On 01-Jul-99 William J. Earl wrote:
> Ralf Baechle writes:
[...]
>  > Actually we're pretty generous with our cacheflushed, we flush more than we
>  > should.
> 
>      Yes, but it is not clear that all paths are covered.
> 
>  > > Also, the flush_page_to_ram() slows down processing on
>  > > machines which physical cache tags, for cases where the virtual
>  > > index used by the kernel and the virtual index used by the application
>  > > are the same.  It should have an extra argument of the intended user virtual
>  > > address, so that it can decide whether to flush or not on architectures
>  > > such as MIPS.
>  > 
>  > For R3000 and R6000 flush_page_to_ram() is a no-op, see arch/mips/mm/r2300.c
>  > and arch/mips/mm/r6000.c.
> 
>     Yes, since those have write-through caches.  The icache
> invalidation is still an issue, if there are any paths, such as
> try_to_swap_out(), which break a virtual-to-physical mapping without
> flushing the icache.

A good point. That seems to be exactly the problem R3k DECstations have. Processes
are dying with SIGABRT SIGBUS or SIGSEGV shortly after swapping occurs. Trying to
hunt that down I removed all optimisations from the cacheflushing routines and 
replaced them with flush_cache_all() but that didn't help.

---
Regards,
Harald

^ permalink raw reply	[flat|nested] 14+ messages in thread

* Re: Memory corruption
  1999-07-01  0:53         ` William J. Earl
  1999-07-01 11:25           ` Harald Koerfgen
@ 1999-07-02 22:41           ` Ralf Baechle
  1999-07-06 13:05           ` Ralf Baechle
  2 siblings, 0 replies; 14+ messages in thread
From: Ralf Baechle @ 1999-07-02 22:41 UTC (permalink / raw)
  To: William J. Earl; +Cc: Ulf Carlsson, linux

On Wed, Jun 30, 1999 at 05:53:58PM -0700, William J. Earl wrote:

>      Suppose physical page X has been used as logical page 100 of executable
> file ABC, and is then freed, but is still partially in the icache at 
> virtual index 0.  Then suppose the page X is reused as logical page 200 of
> executable DEF, at virtual index 0.  The writeback of the data cache is
> good, but there are still cache lines from file ABC in the icache.  If
> nothing flushes the icache (and there is no reason to flush the icache
> when reusing a page for data), the icache will have stale data with respect
> to the new identity of page X as logical page 200 of executable DEF.

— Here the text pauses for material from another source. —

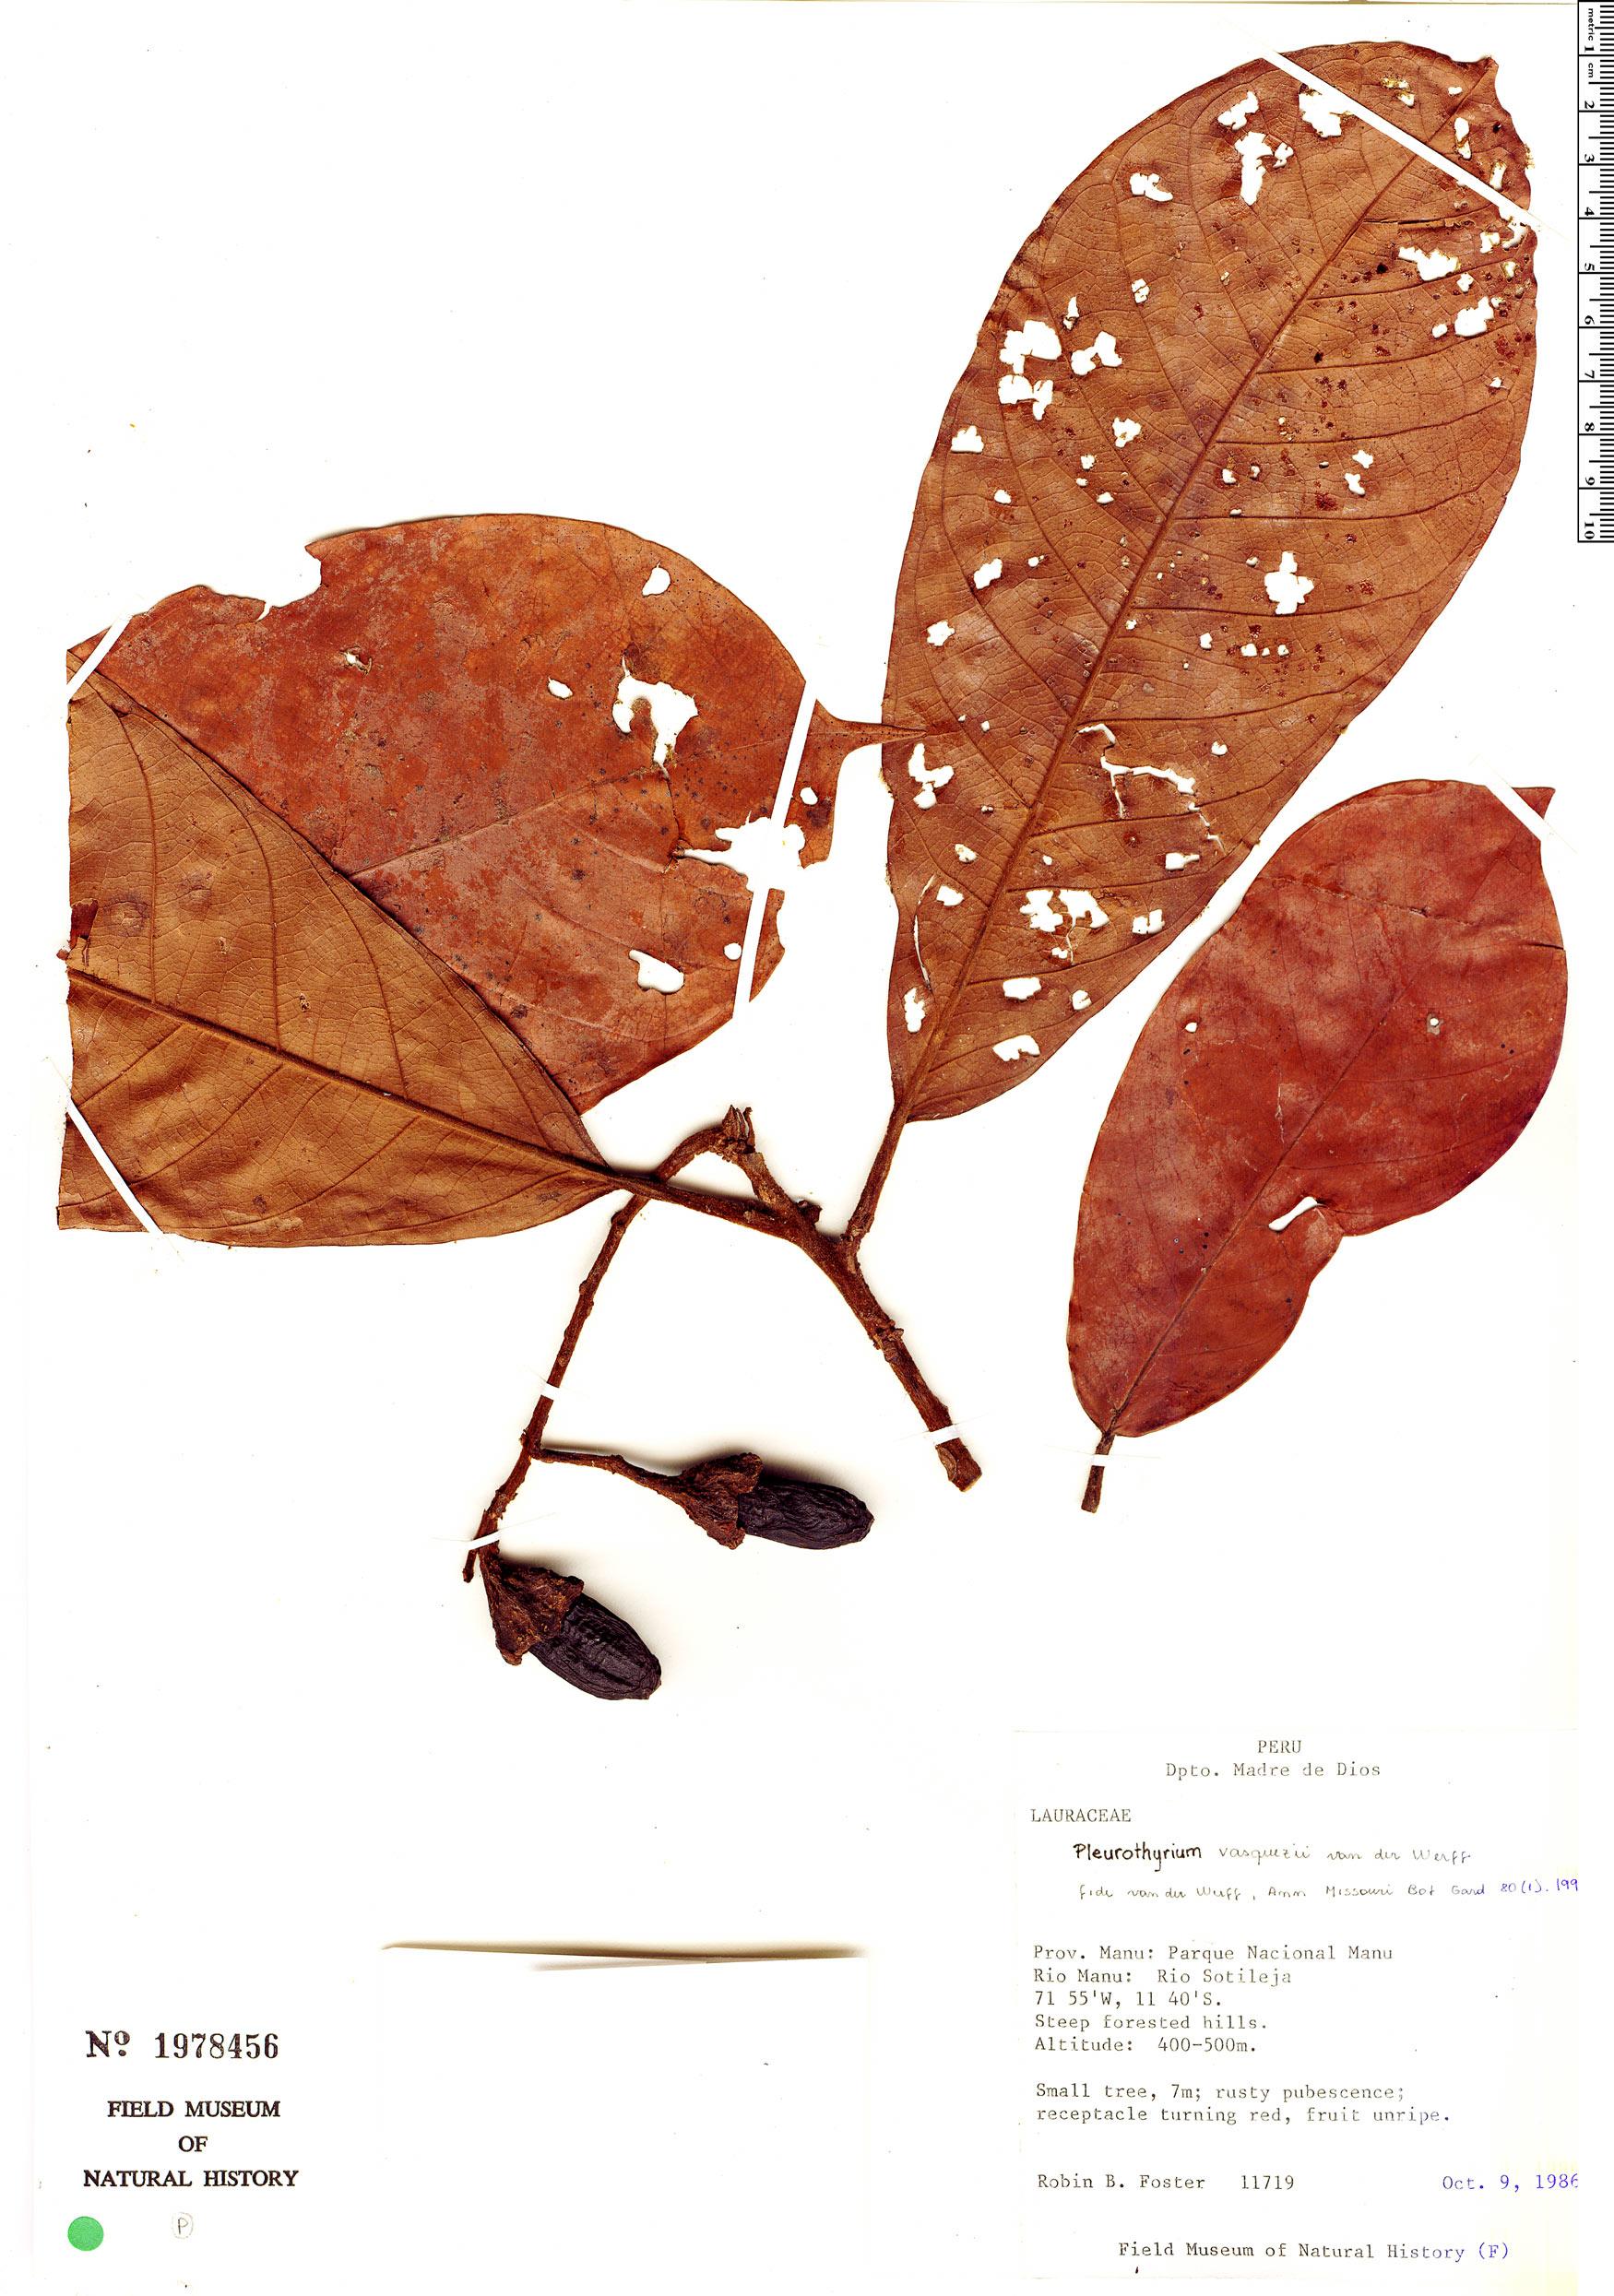 Specimen: Pleurothyrium vasquezii

Ok, yes that can happen in theory if code has been executed in a page
which was not marked PROT_EXEC but execed though.  Fixing that makes things
quite a bit slower, we'll have to flush the icache on every flush_cache_page.
flush_cache_range() already does this.

Hmm...  Maybe a my-software-behaves-properly-and-I-know-this-is-dangerous-
sysctl() which restablishes the current i-cache flushing behaviour if
VM_EXEC is unset?

I herewith order an execution protection bit for the next generation MIPS
and while we're at it an integer add with carry for faster IP checksums.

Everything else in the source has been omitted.